I John 4: 18 “There is no fear in love; but perfect love casteth out fear: because fear hath torment. He that feareth is not made perfect in love.”
This may be my favorite verse of all the fear nots! What a reminder to this Chicken little heart of mine. Love eliminates fear! Fear is from hell. If I fear, I have not quite got all the LORD has for me down in the core of my being. This year I learned this quote by the Asaro tribe: “Knowledge is only a rumor until it lives in the bones.”
This Scripture is the LORD of LOVE saying to us, “I Love YOU and all this you have read and studied is of no value unless you give me your fear and trust me to carry you through whatever lies before you! I will NEVER leave you or forsake you!” (Deuteronomy 31:6, Hebrews 13:5, John 14:18-28)
When I was barely twenty years old, a new bride, and a girl with an agenda (plan of how my life was going to go………) the officer and gentleman called to say he had a new job and it was in the state of Maryland!!!! To say I was not thrilled is an understatement.

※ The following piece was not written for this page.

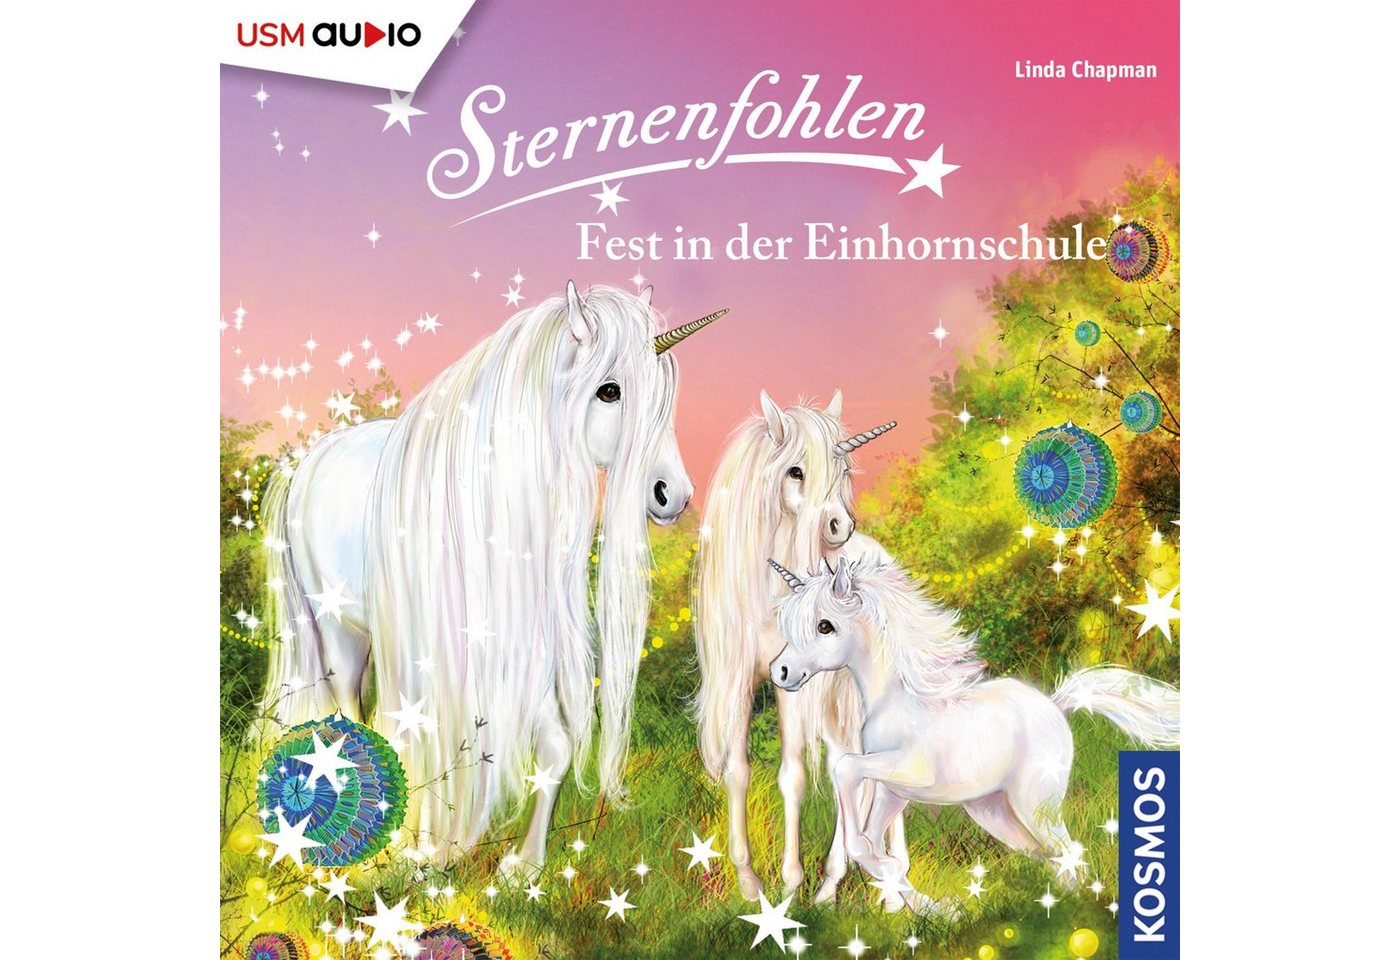 USM Hörspiel-CD Sternenfohlen 25 - Fest in der Einhornschule von USM

This was nowhere on my well thought out life map. I had never been out of the state of Alabama except to the panhandle of Florida and I was registered to begin classes at the University of Alabama. I had six short weeks to “like” the idea of this move to a major metropolitan area (smack in the middle of the Baltimore-Washington corridor) where I knew NOT A SOUL save my officer and gentleman. So, after I bid my mom and siblings a tearful goodbye, our drive to our new “home” state was a quiet one! Just tellin’ the truth. Not proud of it. I faced some big challenges: I found myself in less than desirable housing while we searched for a home. I had never driven in such traffic and was unsure I would ever be able to drive 90 mph (speed limit then was 85mph with six to eight lanes of traffic and exits on both sides of the road). Finding a new church family proved to be daunting. I needed to look for a job because now I had to establish residency before I could resume classes due to the out of state tuition expense, and the cherry on top of this blizzard of emotions was I discovered I was pregnant and had no doctor and no one to ask who to use! Enter what had all the potential to be a meltdown of global proportions.
The reality, it never happened. I felt safe and secure and fear never crept in. The reason? I was surrounded by a love that I believed would take care of me, the baby I now carried, and this was ENOUGH!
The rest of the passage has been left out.